Going forward, Facebook will continue to prioritize content from family and friends. “Focus on giving people a reason to share your stories,” Kemp said. “Make it about your supporters so they look good when they share it.”

More than anything, he said, post relevant, quality content that your audience wants to engage with—not just what you want to share. For example, treating Facebook as only a repository for your latest products, sales, and events most likely won’t garner the quality engagement you’re looking for. Instead, ask questions, share behind-the-scenes videos, and post entertaining quotes, photos, and/or GIFs that elicit an emotional response (i.e., mix up your content so it’s not just about you, it’s about your customer).

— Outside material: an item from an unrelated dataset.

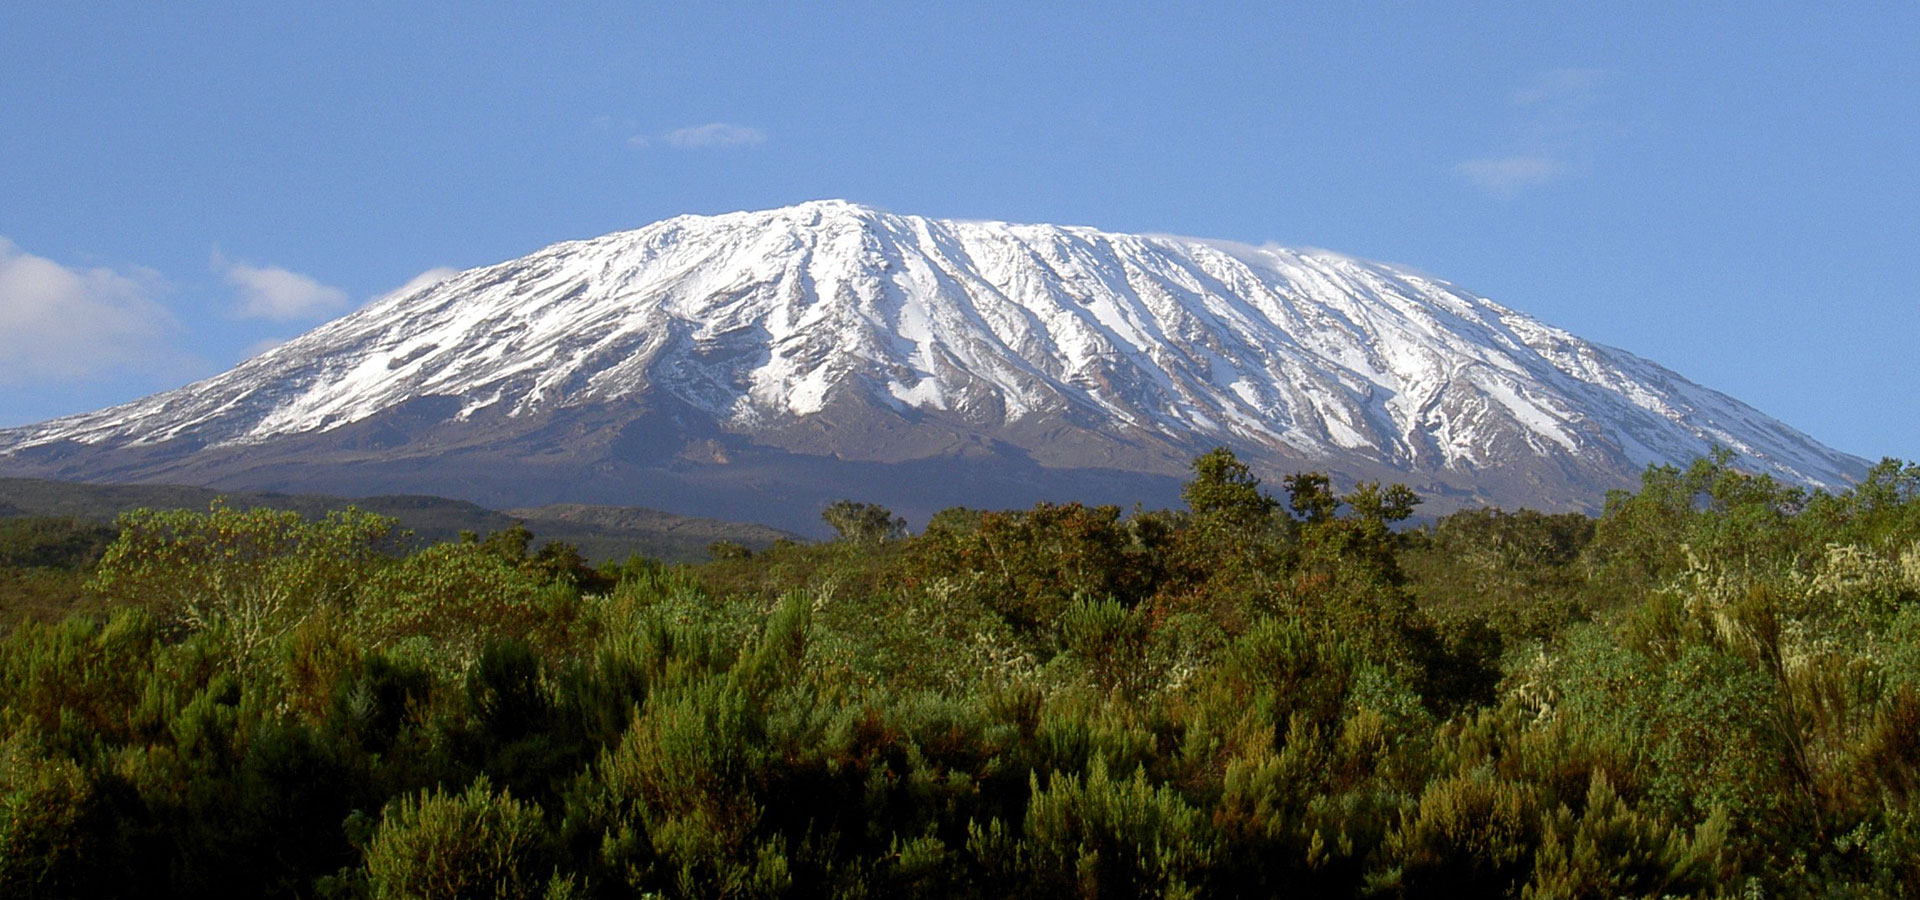 Mount Kilimanjaro scenery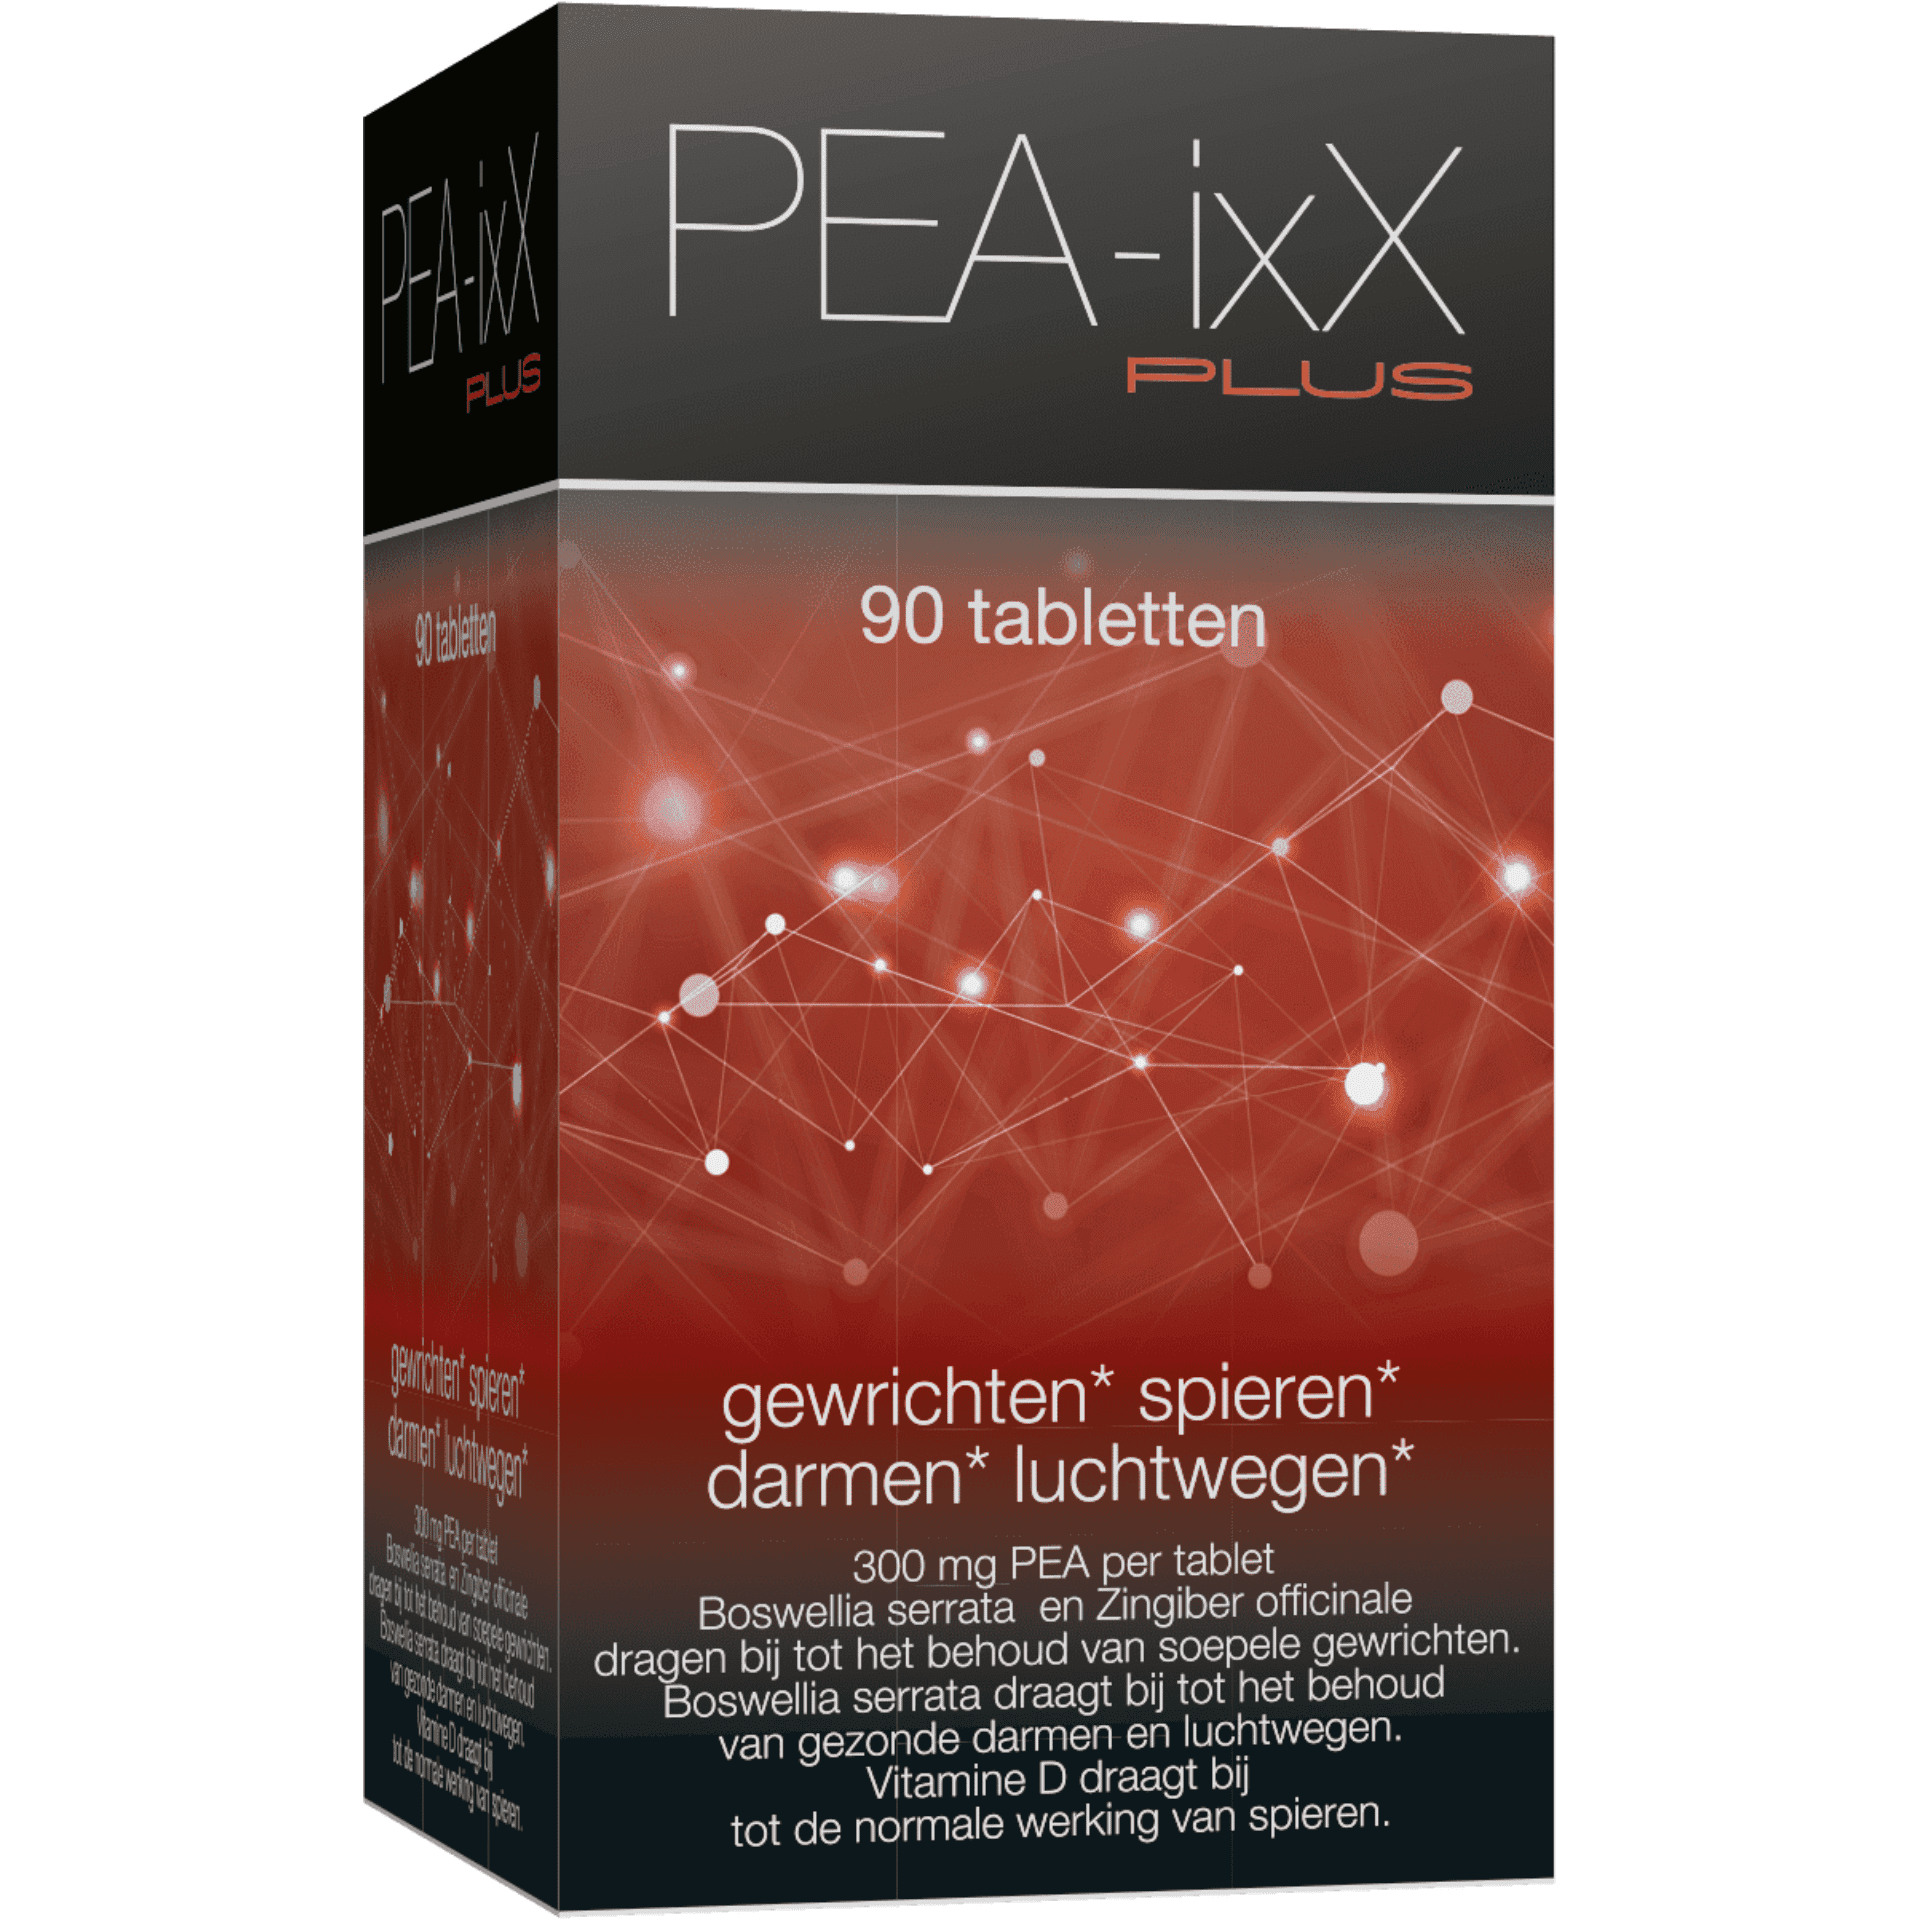 PEA-ixX Plus 90 tabletten

Five Tips to Improve Your Facebook Strategy:

  1. Ask questions: The modern-day consumer isn’t shy with opinions (surprise, surprise). That’s why asking questions not only engages your customers, questions rack up comments, which is highly favored by Facebook’s algorithm. Ask what people are reading (relevant to your industry), do a product mashup and ask your followers to vote for their favorite, or post a photo and ask people to caption it. The bottom line: Don’t be afraid to have fun.
  2. Make it visual: Kissmetrics, a marketing automation company, says Facebook posts with photos get 53% more likes, 104% more comments, and 84% more click-throughs than text-based posts. Don’t have a graphic designer or photographer? No problem. Use free tools like Canva—which comes with hundreds of free design templates, icons, and stock photos—to create professional-looking graphics, without the price tag.
  3. Share videos: Facebook says that live videos get six times as many interactions as regular videos and lead to more discussions among followers. Use Facebook Live to show behind-the-scenes clips, team interviews, new-product reveals, and more.
  4. Advertise: Shawn Kemp at Action Sprout said, “Five dollars on a highly engaging story goes a long way.” Advertising extends reach to your audience. Get the most bang for your buck by testing ads to discover what’s most effective. He recommended AdEspresso as one of the best tools, which easily tests up to 100 ad variations at a time so you can see which combination of copy, visuals, audience, and platform get the most conversions.
  5. Reply to comments: This is good customer service, and it also signals to Facebook that your content is creating real discourse—winning you bonus points with the new algorithm. What if someone leaves a rude comment? Put your most friendly foot forward and respond with patience and empathy—apologize, offer a solution, and ask if you can take the conversation offline (or in a more private forum, like a direct message).